Material provided.
>>>

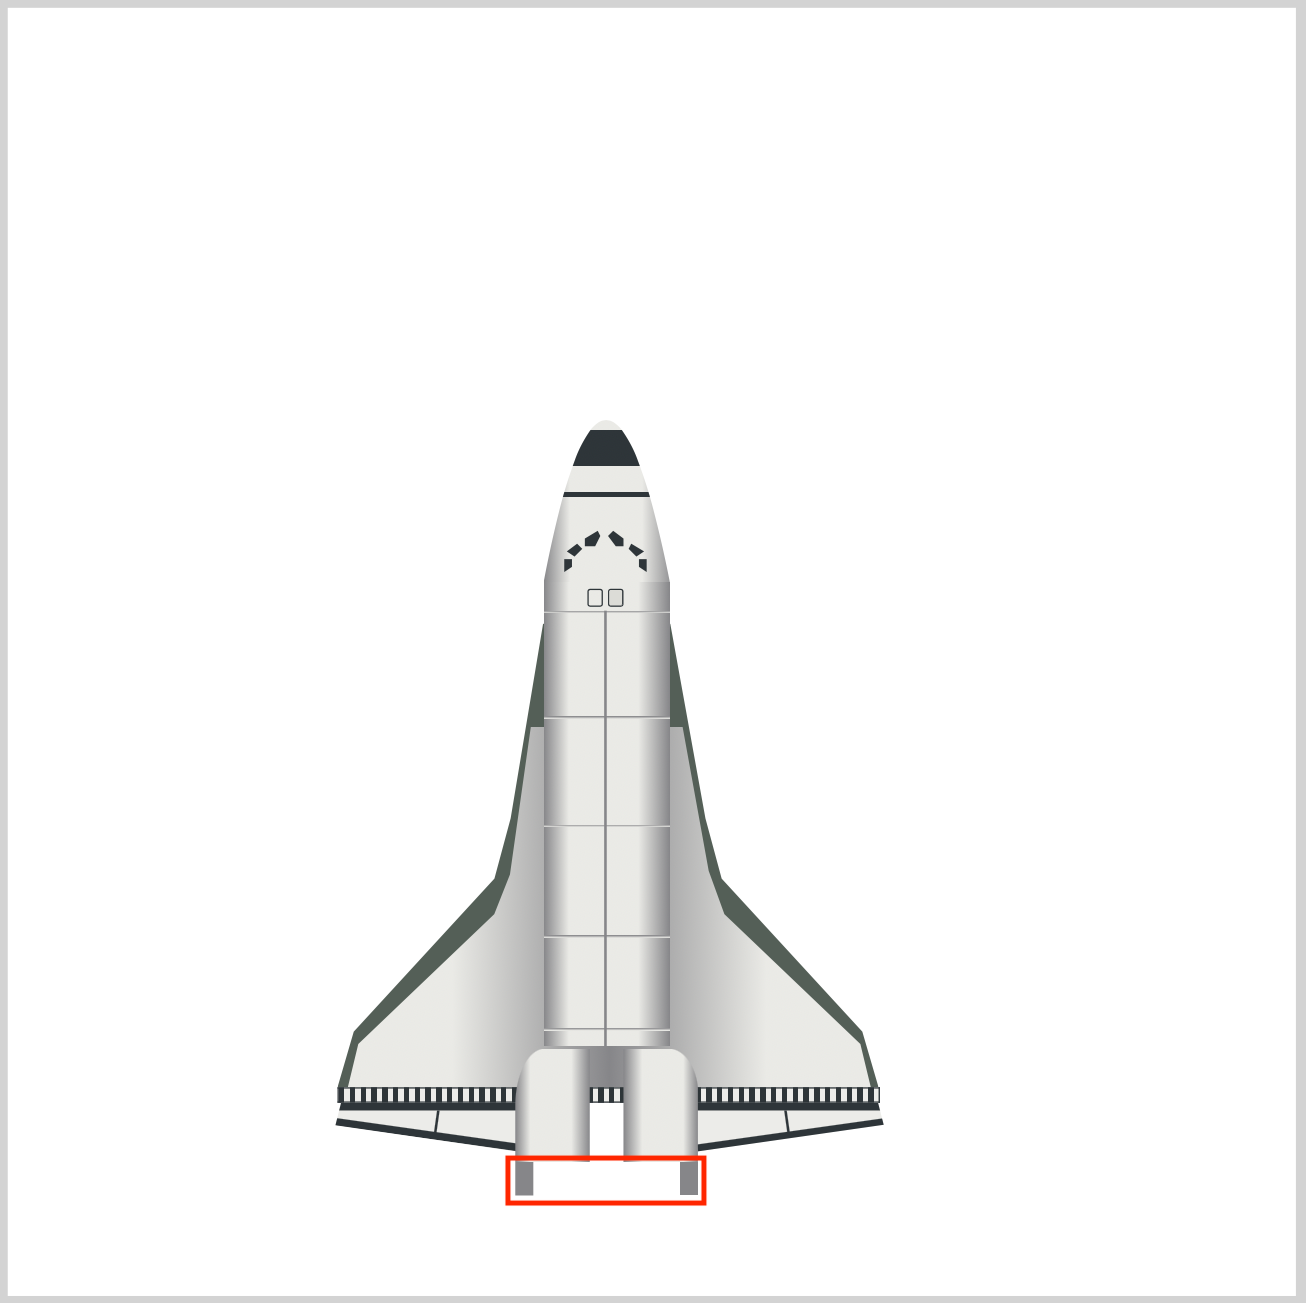 Space Shuttle Orbiter - Aft Fuselage Block
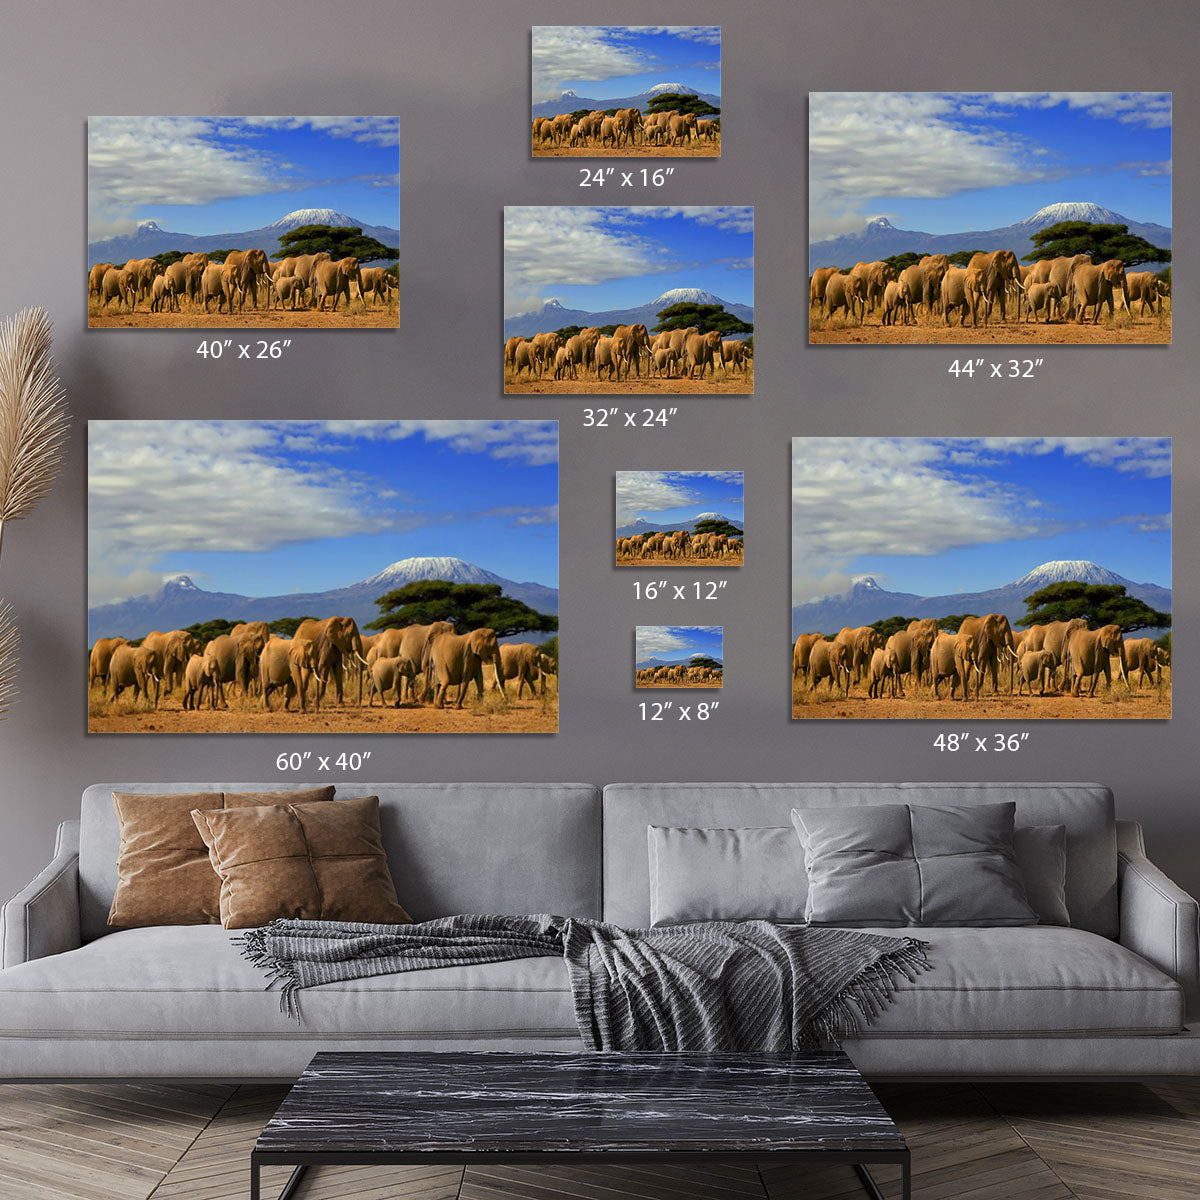 Kilimanjaro And Elephants Canvas Print or Poster - Canvas Art Rocks - 7
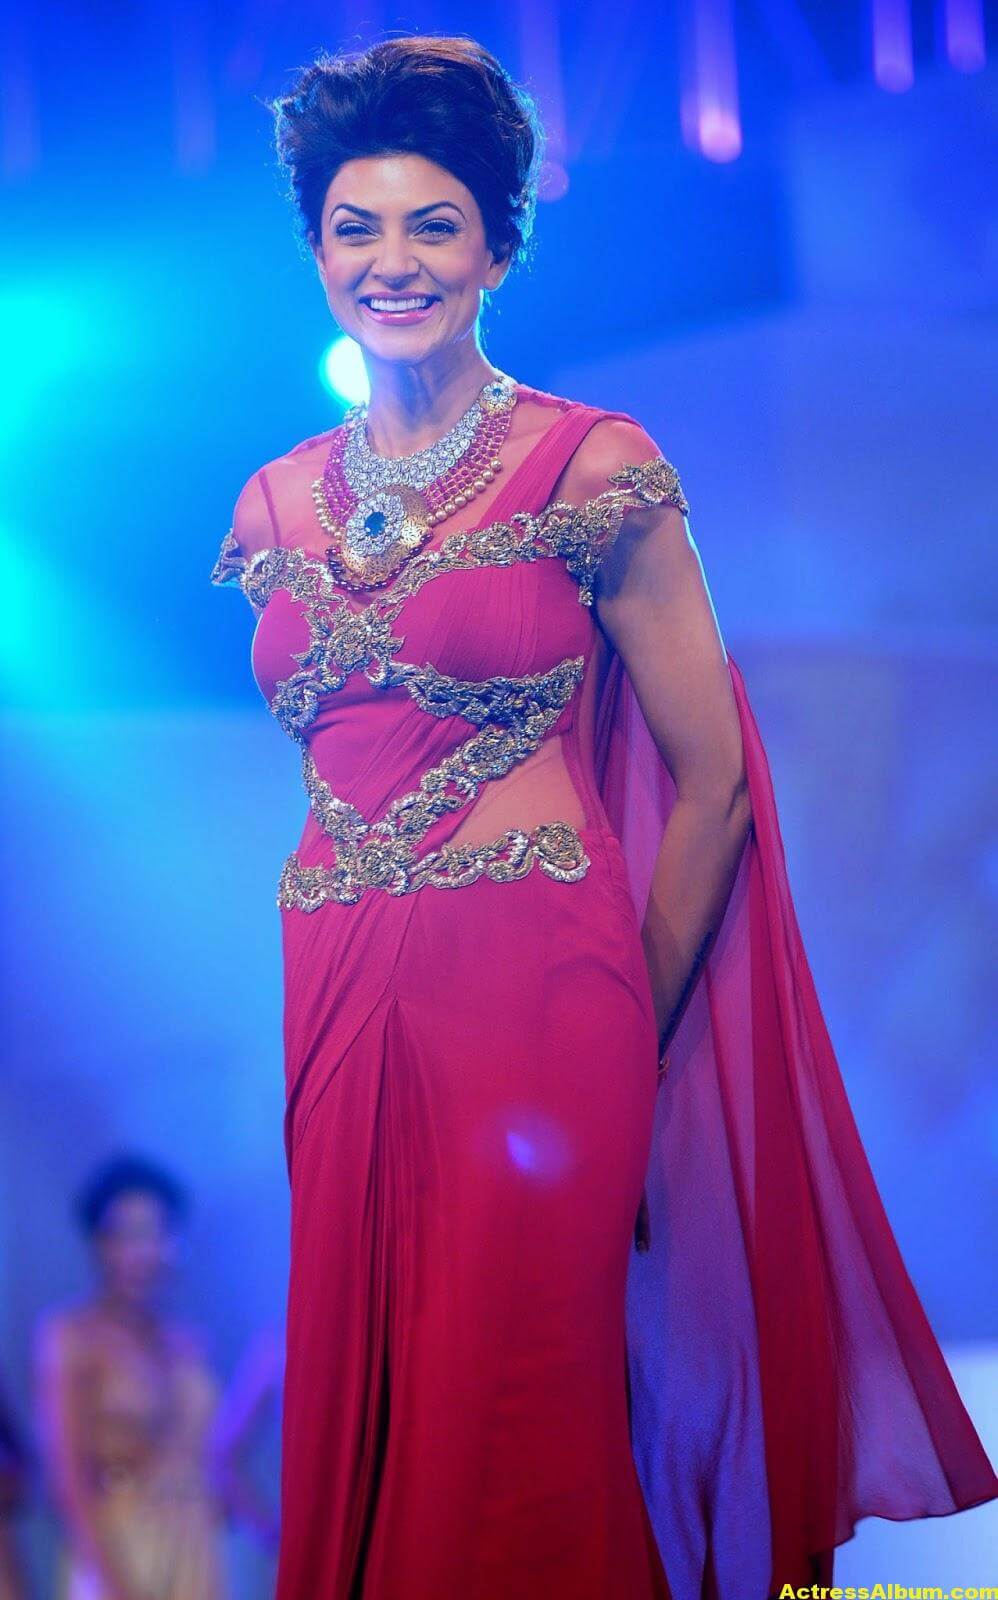 Sushmita Sen Hot Photos In Red Saree Actress Album

<<<

What you will do. Leave the images out and transcribe the remaining data above word for word.

Solution below.
 Space Shuttle Orbiter - Aft Fuselage Block
 Kilimanjaro And Elephants Canvas Print or Poster - Canvas Art Rocks - 7
 Sushmita Sen Hot Photos In Red Saree Actress Album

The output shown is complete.